The records:
──────

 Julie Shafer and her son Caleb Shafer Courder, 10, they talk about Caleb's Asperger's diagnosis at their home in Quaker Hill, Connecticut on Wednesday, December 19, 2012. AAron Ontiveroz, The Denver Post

──────

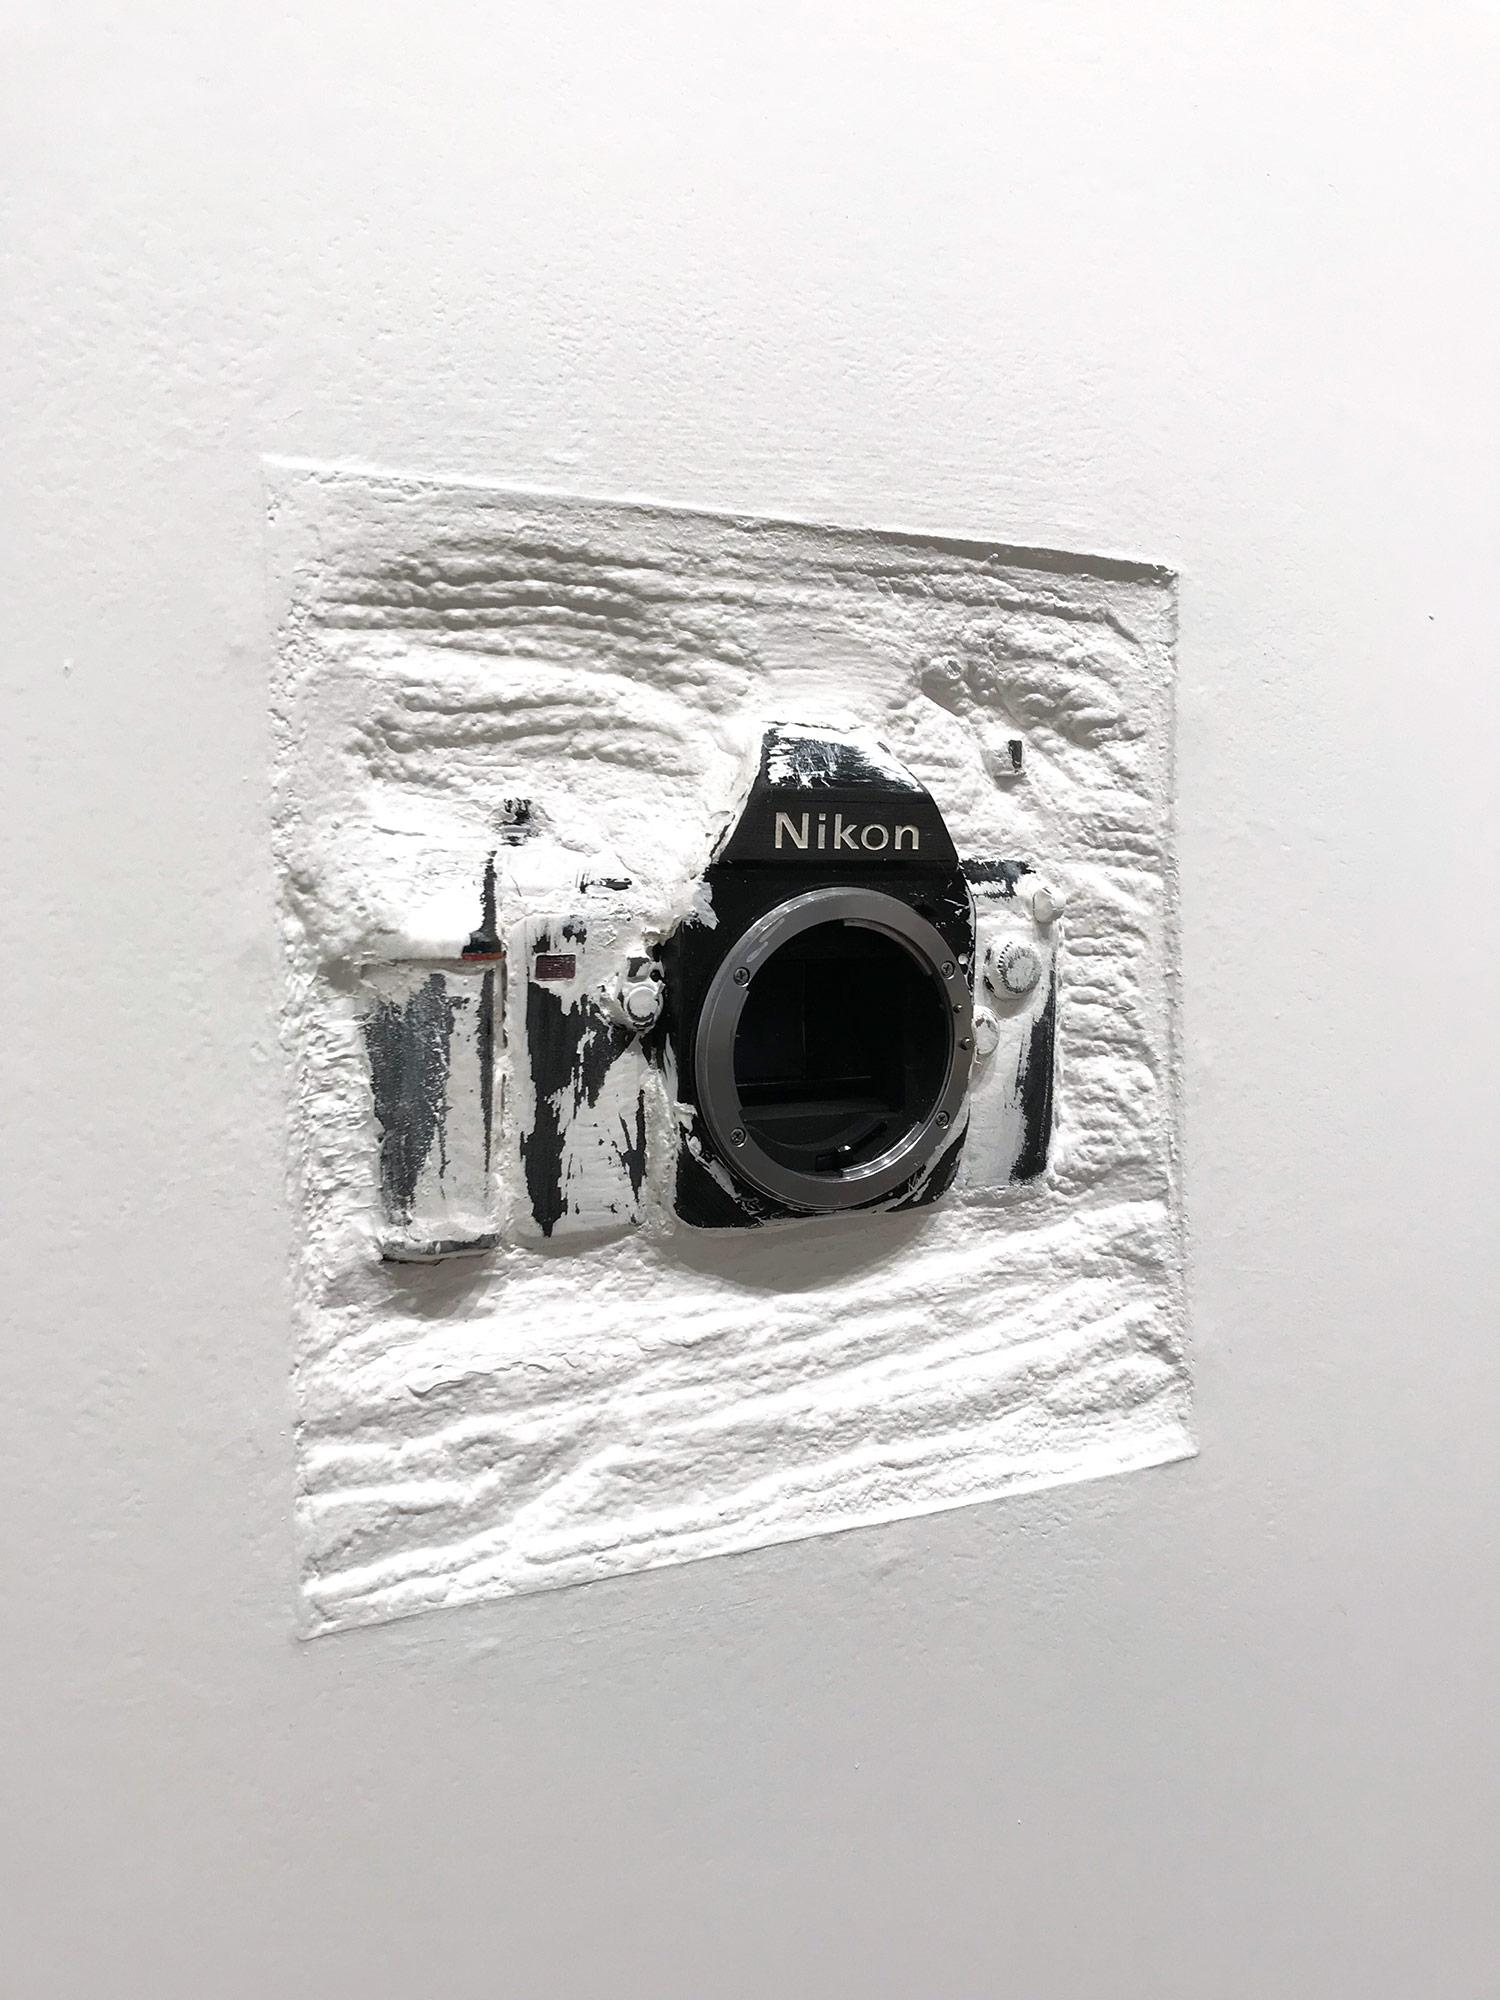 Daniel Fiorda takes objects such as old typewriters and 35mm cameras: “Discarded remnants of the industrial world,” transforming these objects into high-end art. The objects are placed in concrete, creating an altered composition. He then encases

──────

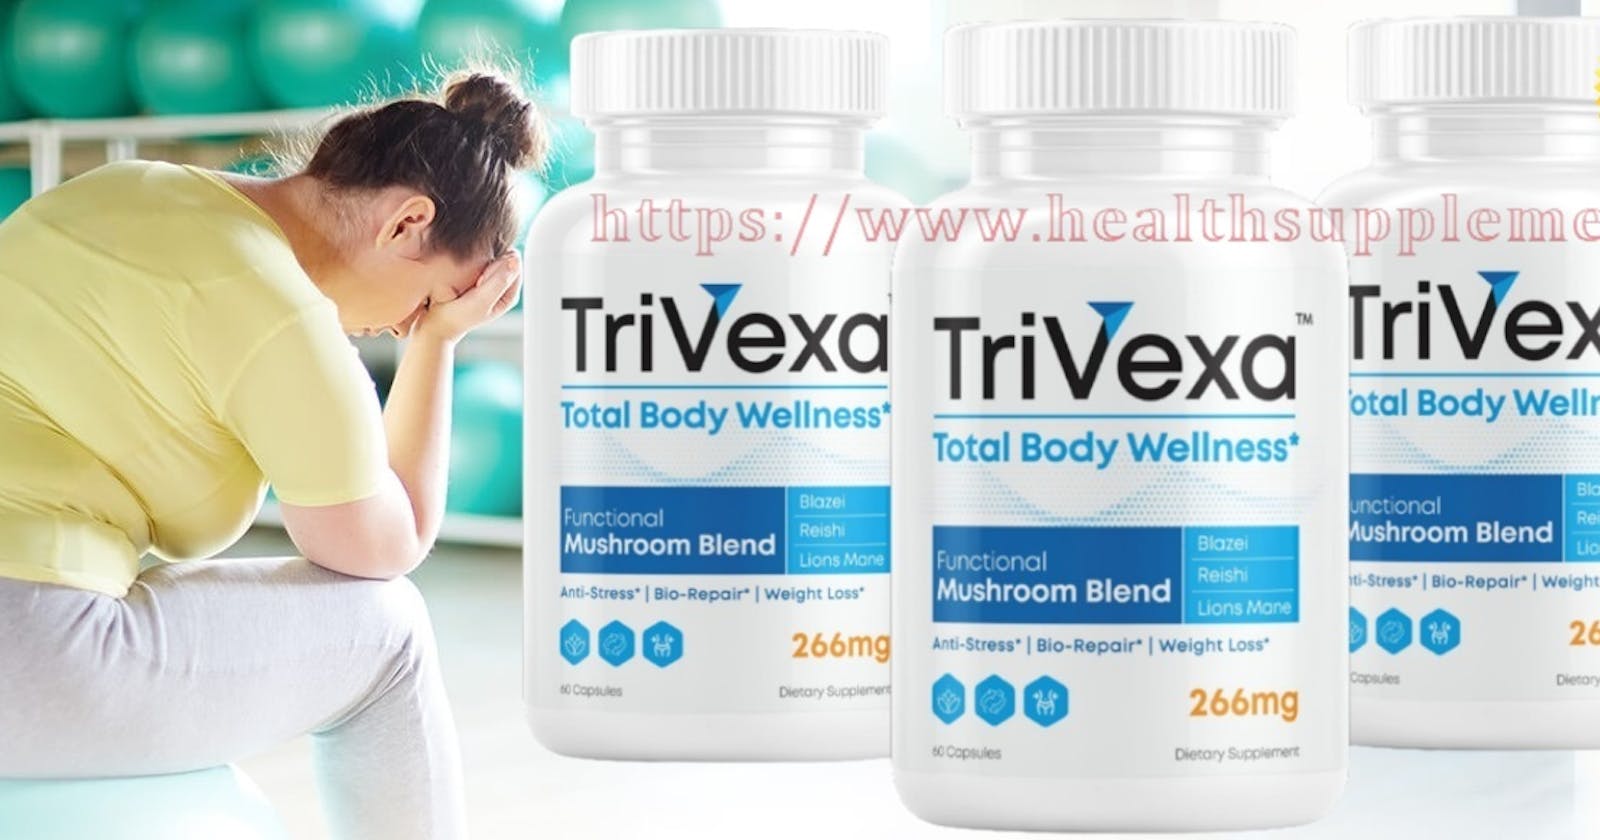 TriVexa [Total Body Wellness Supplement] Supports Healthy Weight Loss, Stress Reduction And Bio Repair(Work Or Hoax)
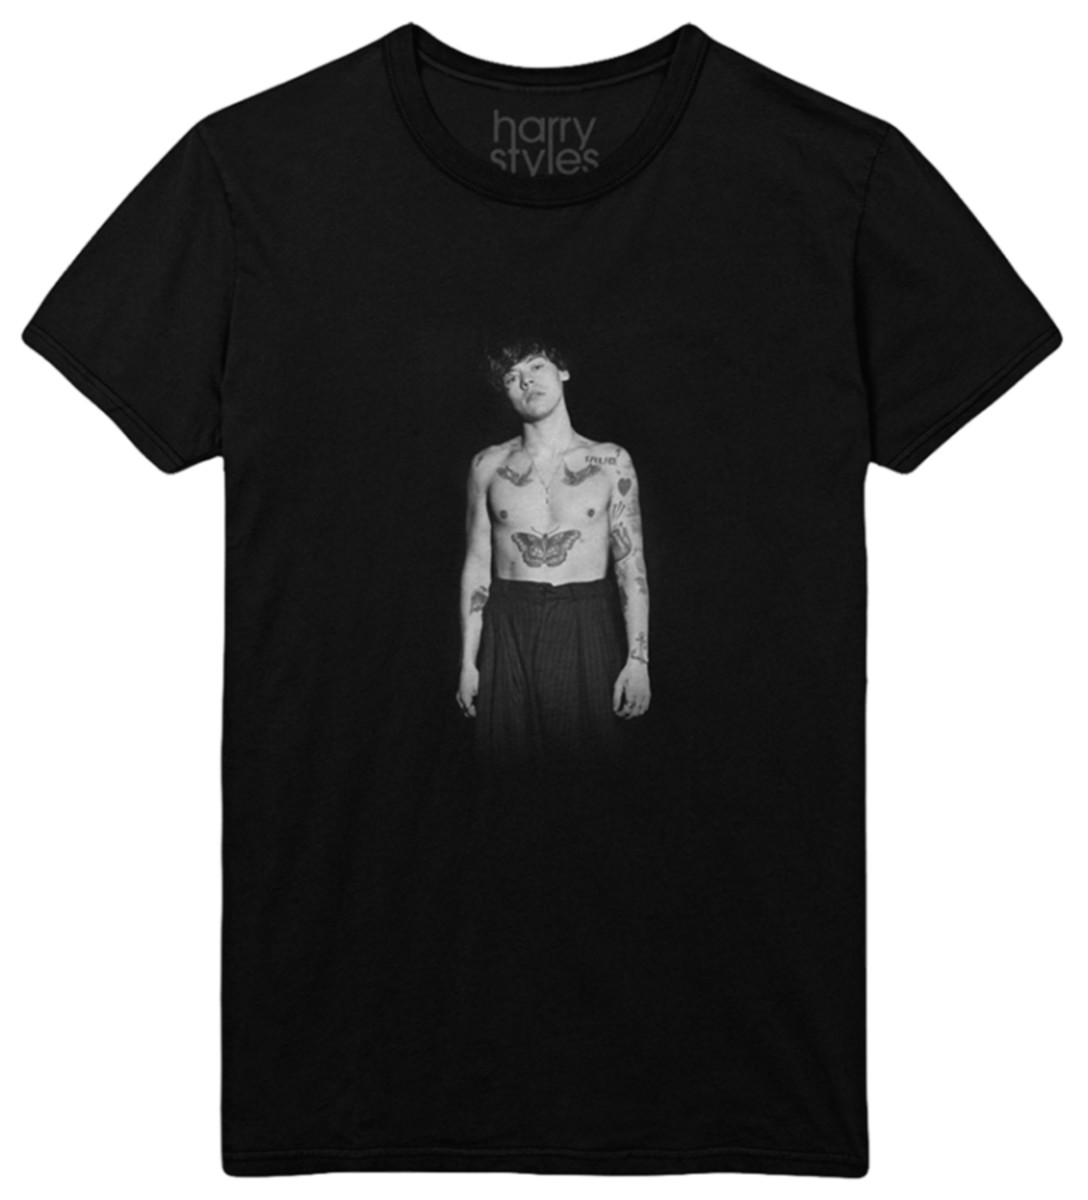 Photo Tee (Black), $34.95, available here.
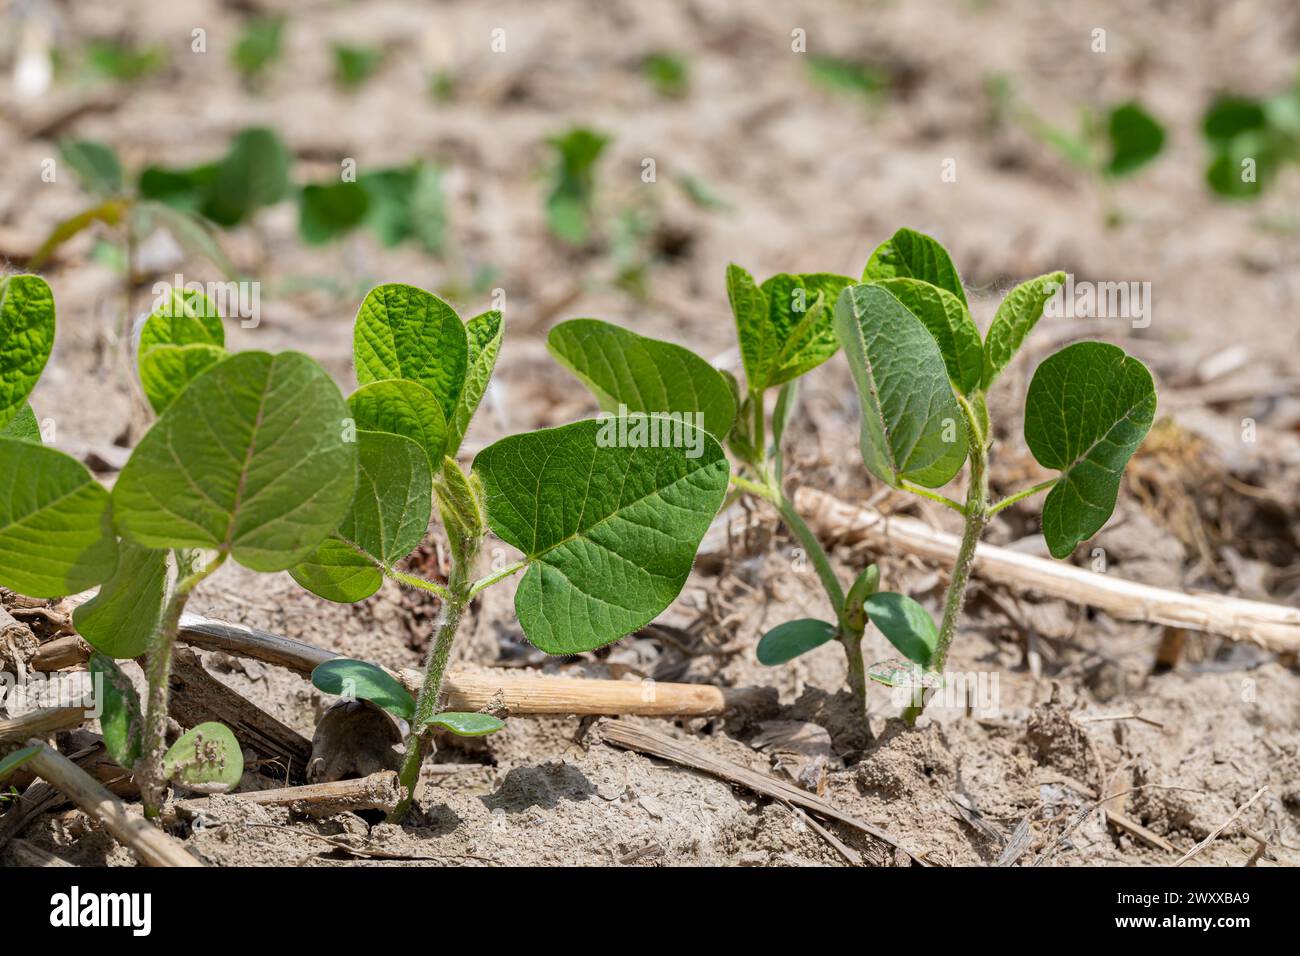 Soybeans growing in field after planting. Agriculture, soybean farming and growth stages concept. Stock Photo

──────

Work request:
Of the lines above, copy only those from the one holding "TriVexa [Total Body" to the one holding "Soybeans growing in", both included, and exclude every image.

Answer below:
 TriVexa [Total Body Wellness Supplement] Supports Healthy Weight Loss, Stress Reduction And Bio Repair(Work Or Hoax)
 Photo Tee (Black), $34.95, available here.
 Soybeans growing in field after planting. Agriculture, soybean farming and growth stages concept. Stock Photo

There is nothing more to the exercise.